Study Break, Day 3

I like this life. A lot.

It’s helping me to rethink the role of… uh… roles. My “go-to-guy,” the dictionary, says a role is “the function assumed or the part played by a person or thing in a particular situation.”

My most important roles, when I’m working my normal groove, are: Disciple of Jesus Christ; Husband to my wife, Shauna; Daddy to my three kids—Noah, Glory, and Joel; and Lead Pastor to the Dalhousie Community Church. In that order, though all three are precious to me and important for the kingdom. All three are servant roles. But that last role, the pastoral one, is the function I’ve laid aside for three months. It’s a strange feeling, let me tell you.

I’ve also realized that each role is a mosaic created by smaller components, or mini-roles. My Lead Pastor mosaic has four major parts: Leader. Preacher. Guide. Role model. I’ve tacked a four line mission statement front and centre on my bulletin board in my office at work: Live the life. Preach the word. Cast the vision.
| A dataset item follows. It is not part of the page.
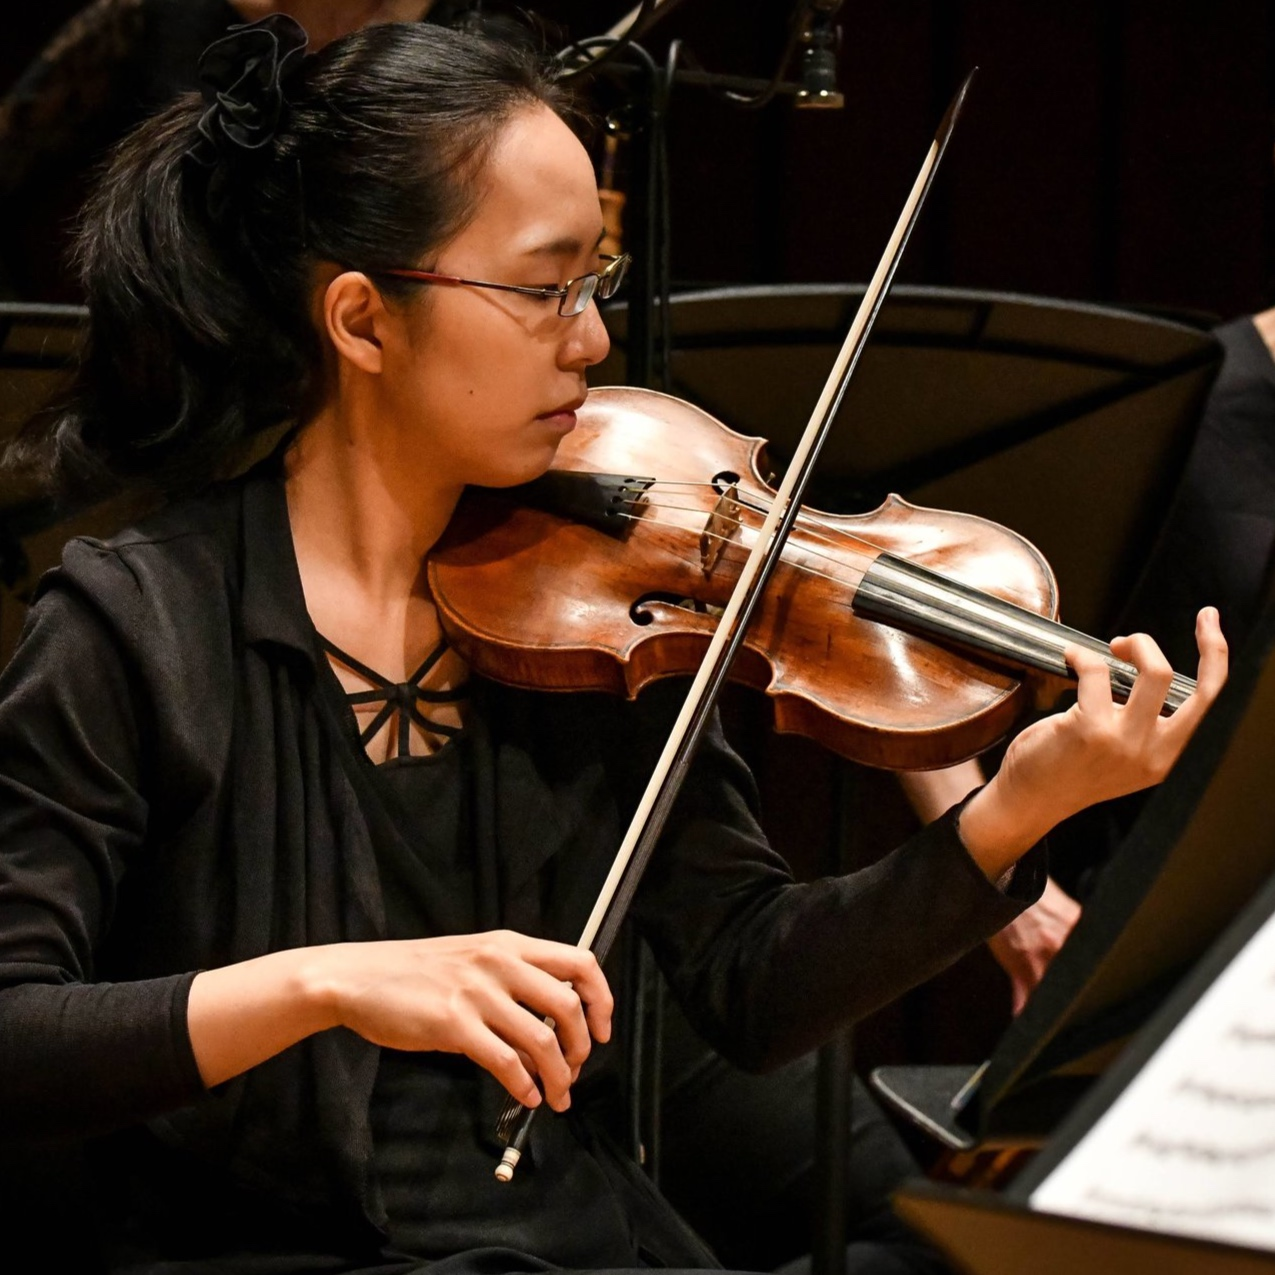 Marie TORIU鳥生真理絵 - Baroque Violin | 巴洛克小提琴
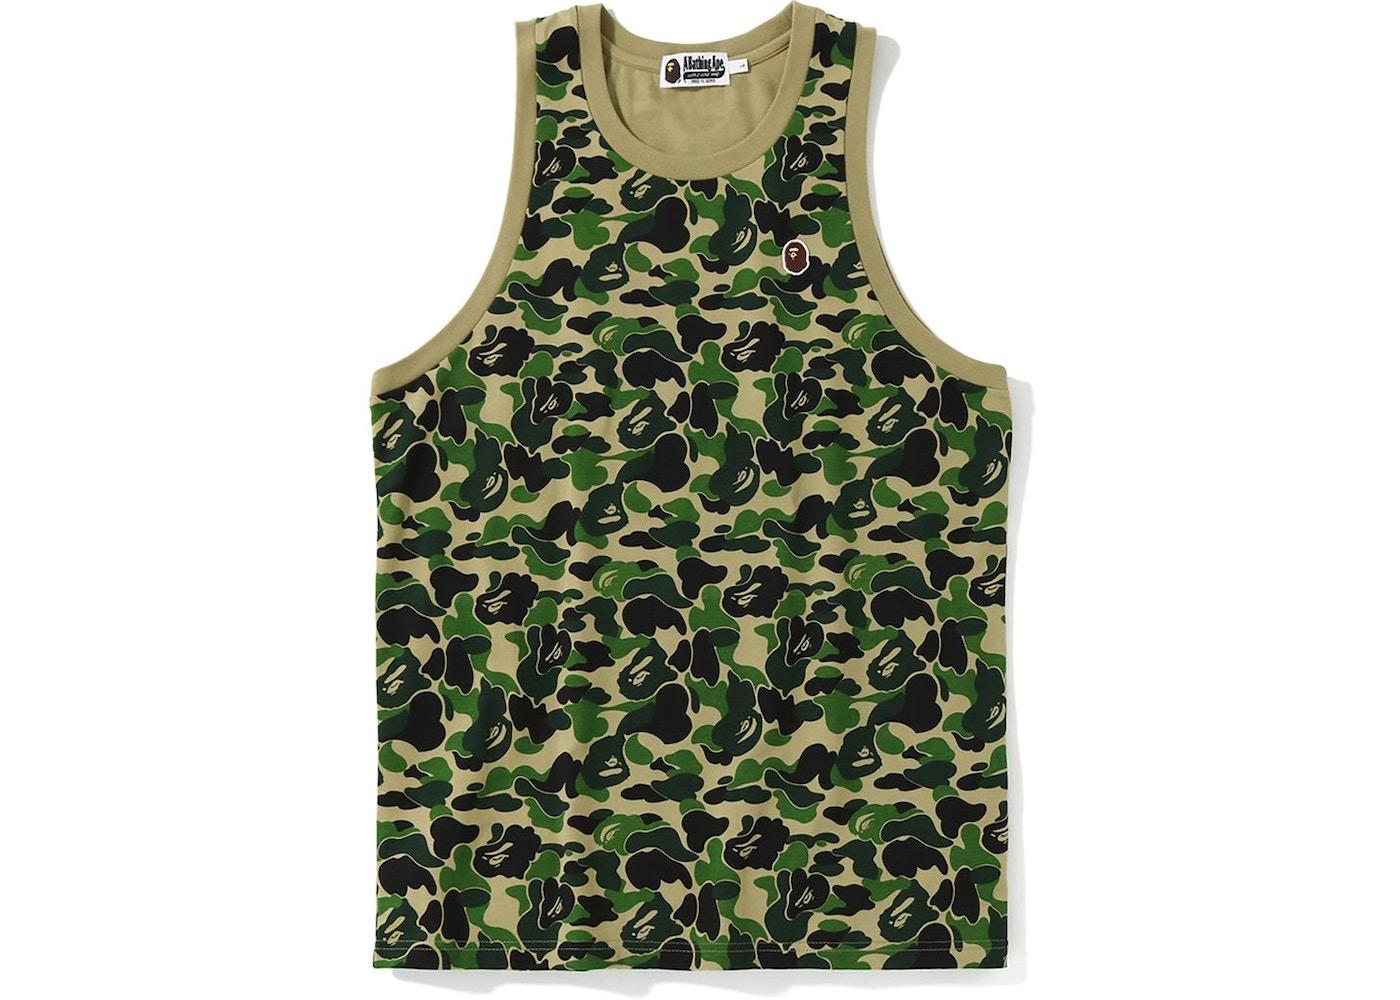 on sale bdacb bcf0e Buy   Sell Bape Streetwear

Lead the change. Heavy burdens, those. Paul spoke of the daily weight he felt carrying the churches in Asia Minor. I can relate. But on Tuesday morning, I cleaned my office and walked out the door. I won’t have to preach the word to three hundred people each week. I won’t have to cast the vision. I won’t have to lead the change. All I have to do now is “Live the life.” Wow, does that ever feel good.

I found it interesting that the definition of a role includes functions for “things.” One of the reasons pastors burn out, I think, is because folks treat them like things. People do and say things to pastors they wouldn’t dream of saying to anyone else (presumably because we’re supposed to be spiritual enough to take it on the chin and respond with prayers and kisses). We become objects: the talking head on Sunday, the bulls-eye critical darts get lobbed at, the example set for the rest of the sheep. If we’re not careful we’ll accept this objectification and begin acting like things. The distance between a pastor and the real world of living breathing people can become vast and impassable, leaving us lonely and dead inside. “I’m just a person,” I reminded a friend this past year. “Right, I’d forgotten,” she confessed. It’s even scarier when we forget that ourselves.

Pastors hurt, which means pastors can bleed. Pastors breathe, which means they can suffocate. Pastors are not perpetual motion machines, and I’m not sure there are many people out there (except maybe politicians) who’s lives are so linked to people’s conflicting expectations. Imagine a store, let’s say Future Shop, where your job description could be shaped by customers. “You need to do more customer calls.” Ok. “I think you need to sweep the floors.” Righto. “Why aren’t your sales numbers up?” Sigh.

All that to say, it sure feels good to “just” be a disciple, husband, and daddy again. Oh, and a writer. We’ll see where all that goes.